With my mind not consumed by the frenzy of data collection, I’ve had time to think big. I’ve had time to wonder, ponder, question, plan, dream, devise. Time to imagine the science questions I’d ask if resources were unlimited. I’ve been pondering the difference between north- and south-facing slopes, wondering about the hydrology of such an arid landscape, devising systems to monitor the permafrost. I’ve been dreaming of returning here in the winter to look at snow cover, planning experiments to test how well shrubs can colonize eroded patches.

Big thinking is best done with colleagues. Here Rebecca investigates the soils around Kangerlussuaq, getting to know the dry soils so different from other Arctic systems.

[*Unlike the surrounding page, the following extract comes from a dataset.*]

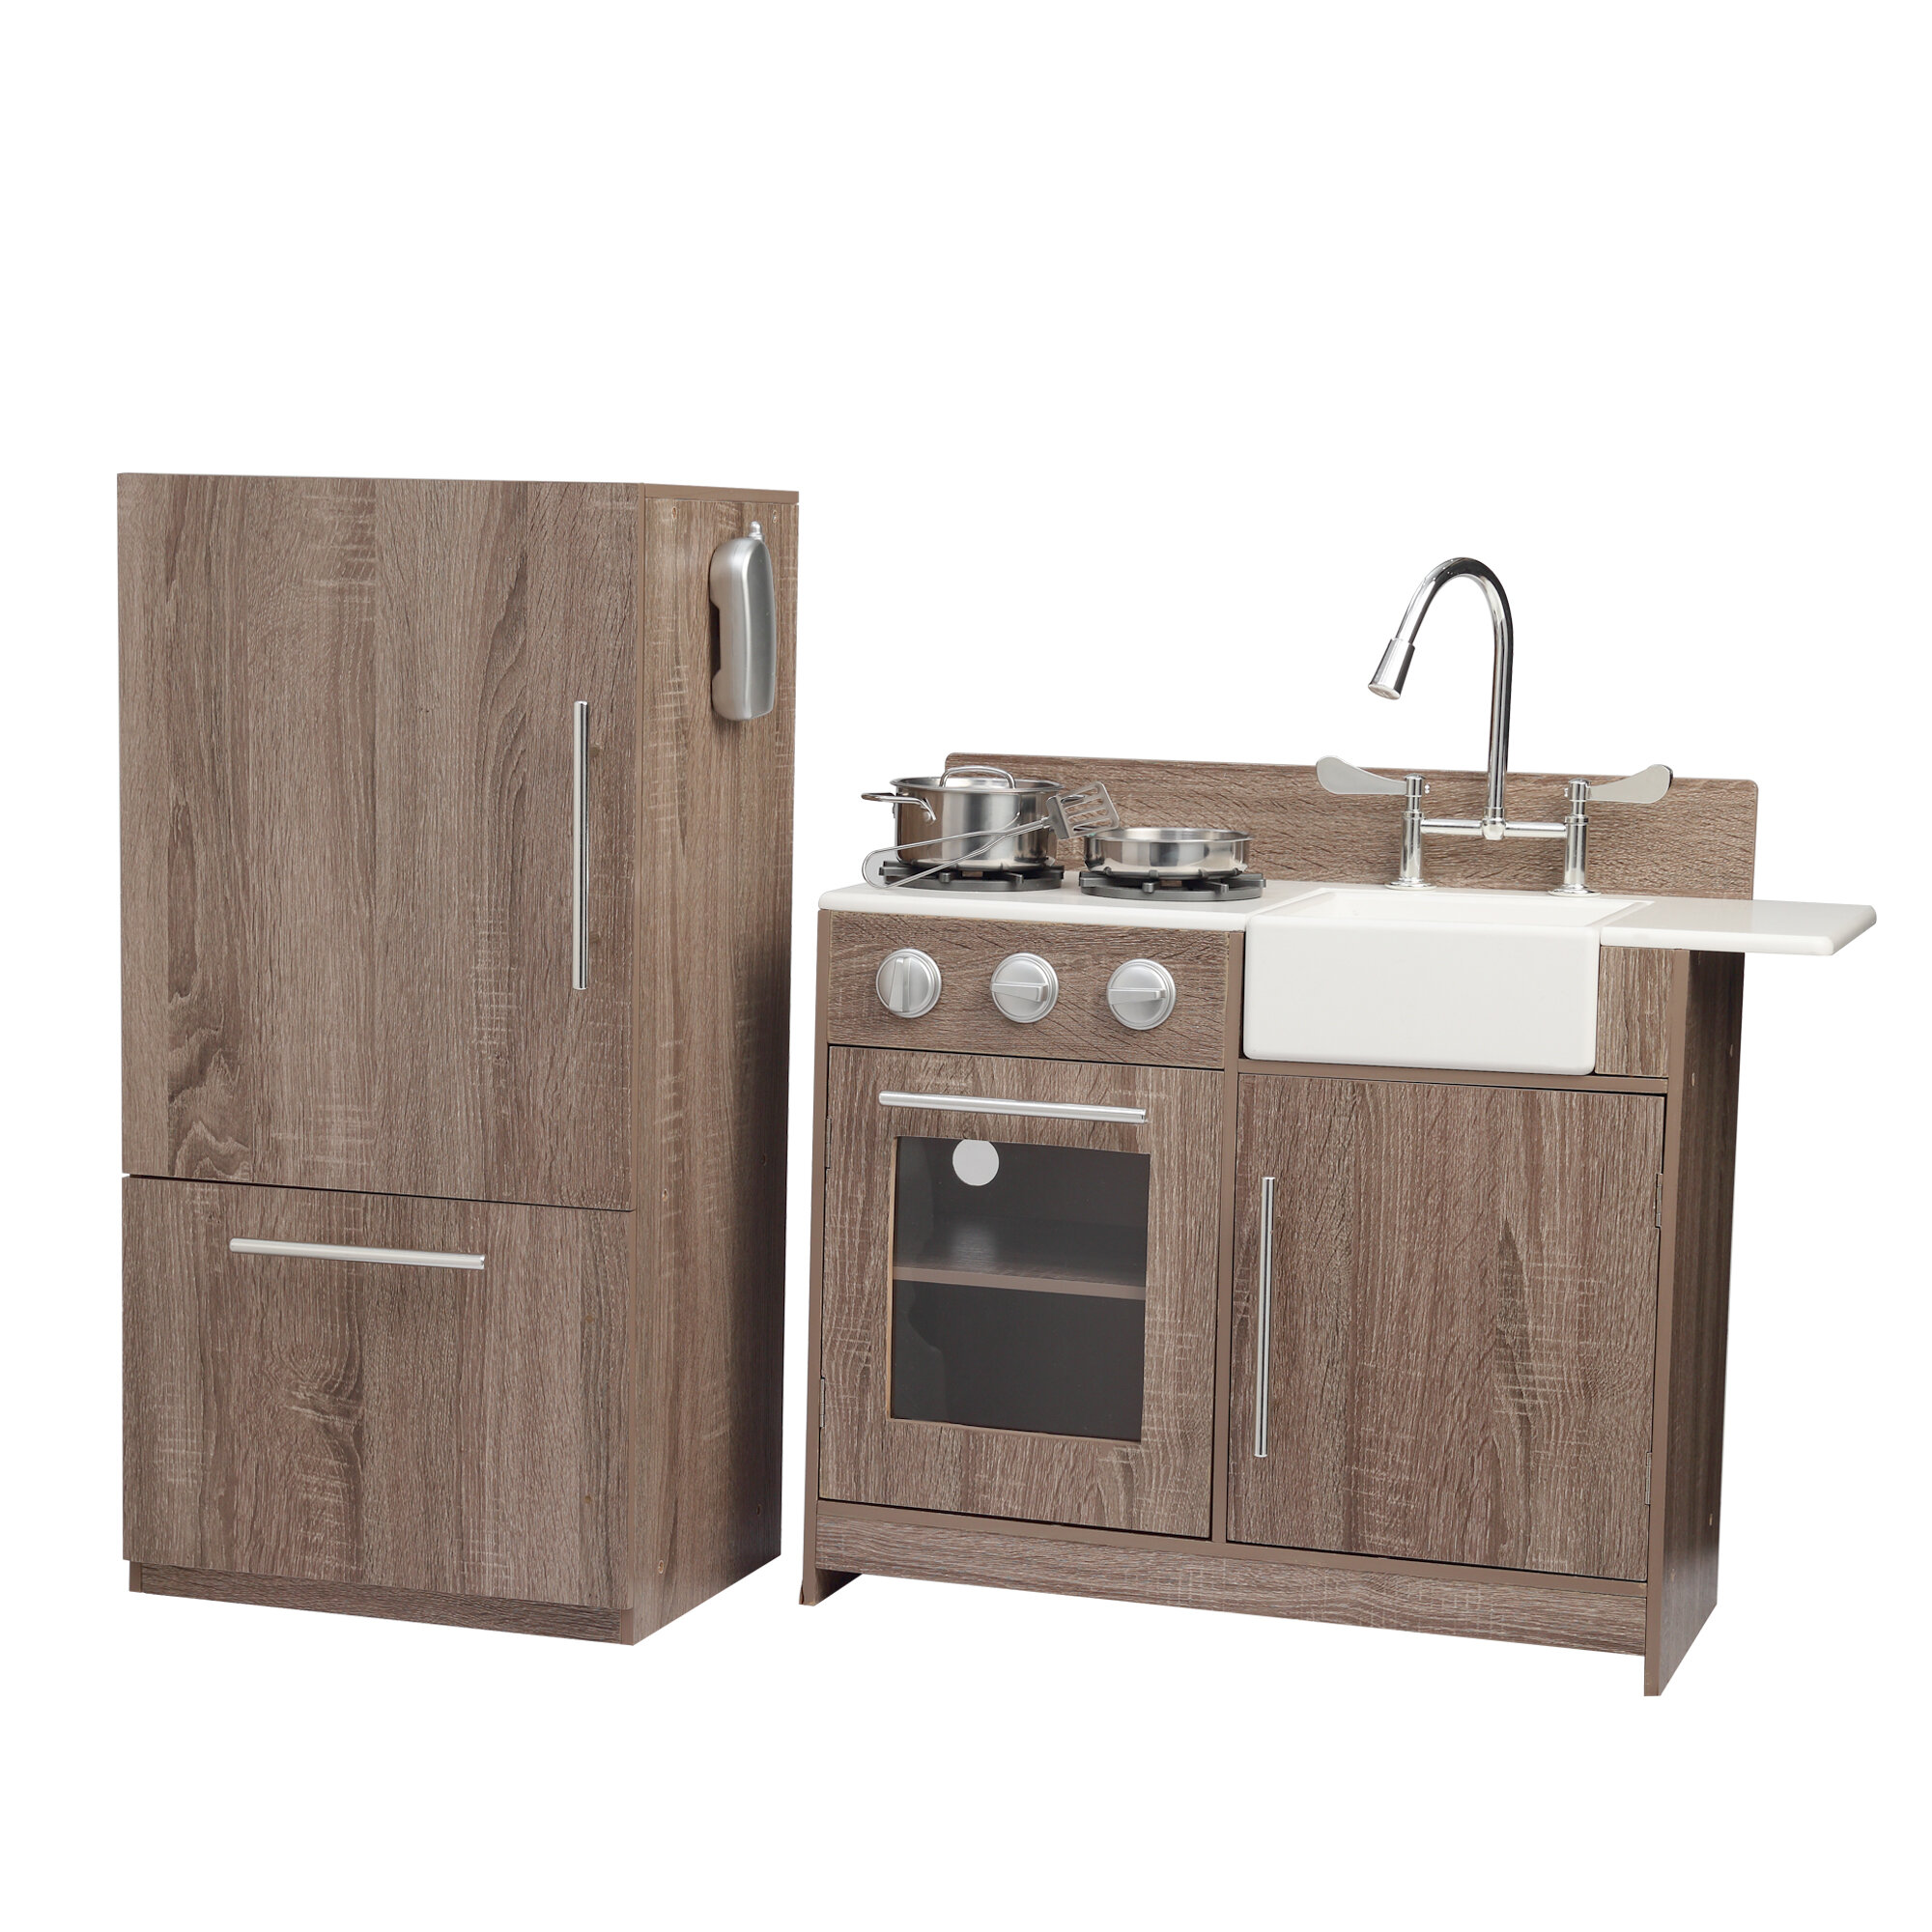 2 piece soho big play kitchen set reviews joss main

Big thinking is very different from the detail-oriented thinking of fieldwork, but it’s just as critical to good science. The creativity required to ask new and interesting questions is a skill often overlooked, rarely taught or discussed. During our fast-paced field seasons, stopping to ponder may seem like a waste of time. Yet how will we devise our next project unless we do? Returning home now, full of new questions and ideas, I’m pledging to always push myself to think big.

I’ve also had more time to sketch during this field season — an activity that helps me to think big by forcing me to look at the landscape from new perspectives.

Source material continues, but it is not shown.